Ultimately, I decided to take the day off and cook: something traditional; ingredients to be found by scavenger hunt; cost not an issue. Yet, the culinary constraints extend beyond those food items I can or can’t find. I am equally limited by my kitchen. I don’t own a pie dish. And even if I did, I can not find pre-made pie crust, so I would need to roll out a home made crust, but I don’t own a rolling pin. And on and on and on.

As for the ingredients, pumpkin is common place, and the expat store sells graham crackers and cranberries. Potatoes are no problem (I’ll spring for a potato masher). I will make the stuffing from loaves of bread I cube and dry the day before. Part of the fun this year will be in the invention.

The hardest part is finding a bird. Friends promise, swear, I can buy a turkey. “A whole turkey?”, I ask. “Oh, maybe not a whole turkey. Where would you put a whole turkey?” That’s a good question given my dorm room refrigerator can barely hold a scrawny chicken. Plus, no Hungarian would ever stash something as frivolous as a turkey roaster. Consuming half the kitchen storage space on an object that makes an annual appearance – that’s crazy.

Everything is solved, or will be, except the meat.

Enter Abraham, a young man I mentor. We work from home on Monday and meet at coffee shops throughout our neighborhood. Last week, as we were finishing our talk, he said, “Oh, I nearly forgot, I brought you a gift.” Reaching into his computer bag, he pulled out a plastic grocery bag, slapped it on the table, and smiled. “Open it.” As I touched the object, I could feel it was frozen.
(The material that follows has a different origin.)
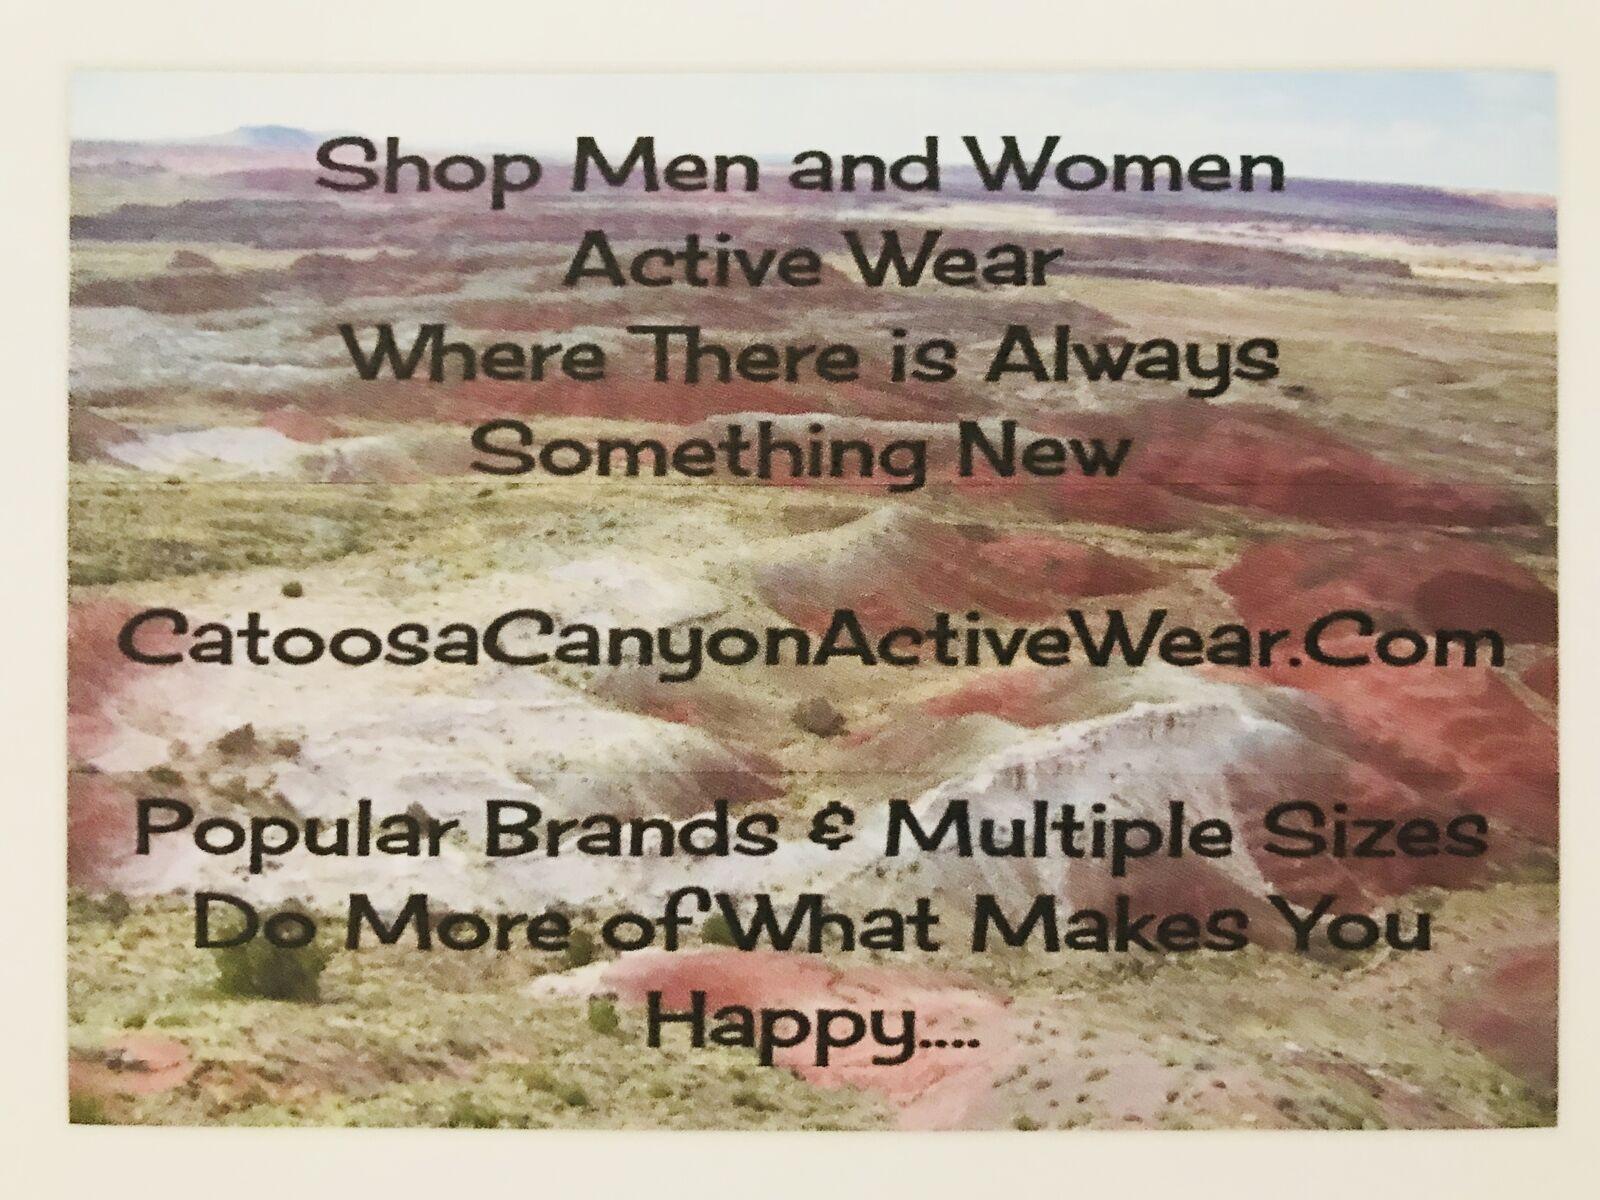 Catoosa Canyon Active Wear
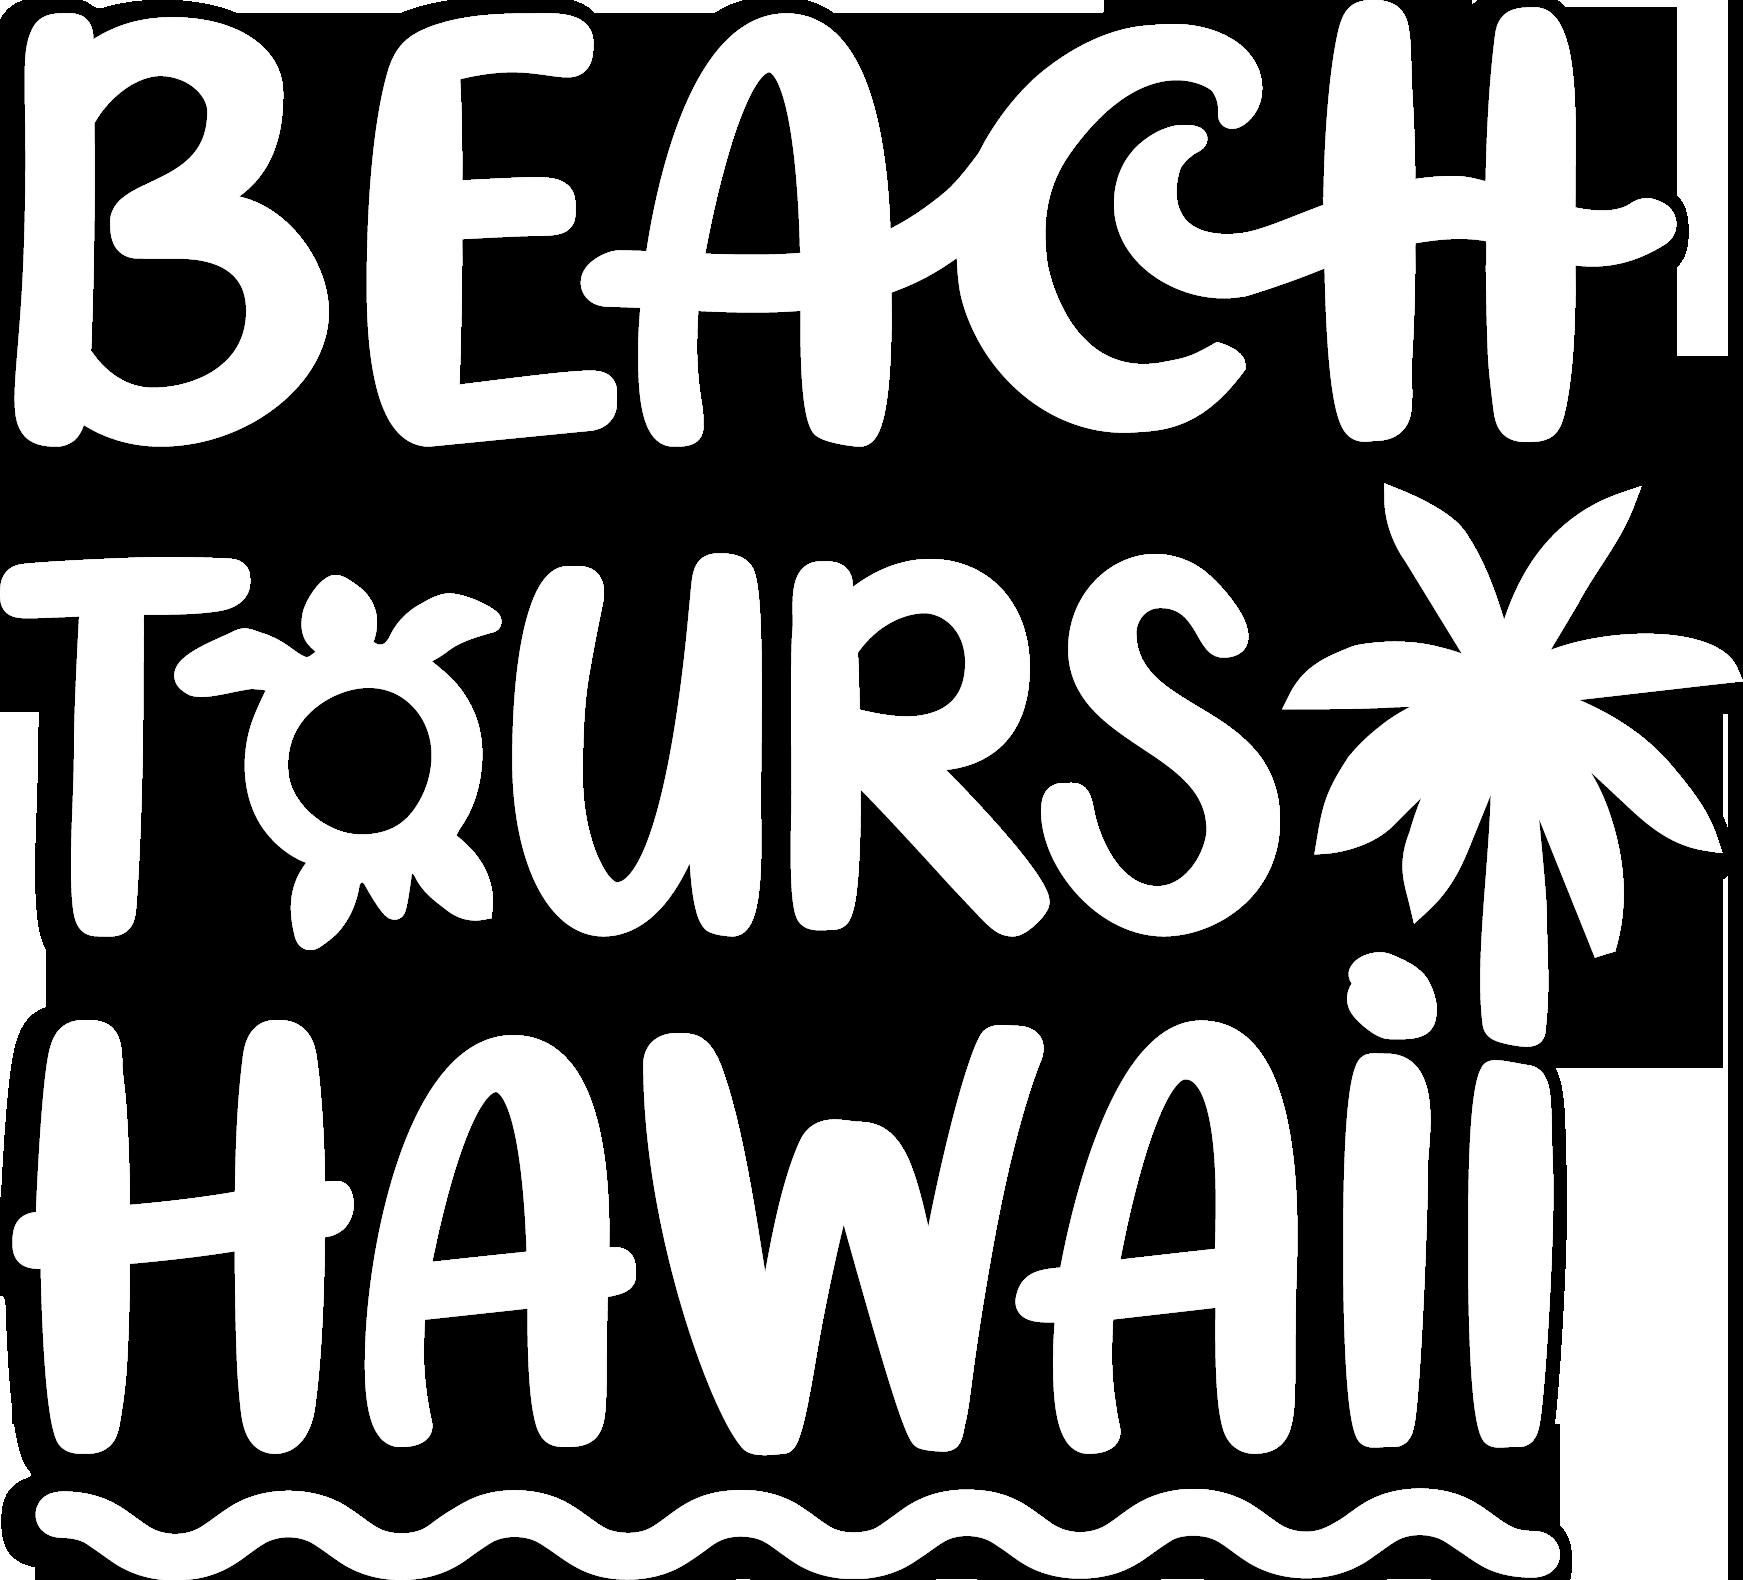 Beach Tours Hawaii

And when I lifted the bag, whatever was hidden within had the heft of a bludgeon. Hmmm. That’s vaguely disconcerting. “It’s a goat leg. The very best part. I froze it to keep it fresh. Imagine, yesterday the goat was playing in my father’s backyard.“ “Wow, Abraham, I can not imagine that.” (insert frozen goat leg jokes here).

Actually, I was just so touched, I forgot all my goat leg jokes. “This is fantastic. Thank you.”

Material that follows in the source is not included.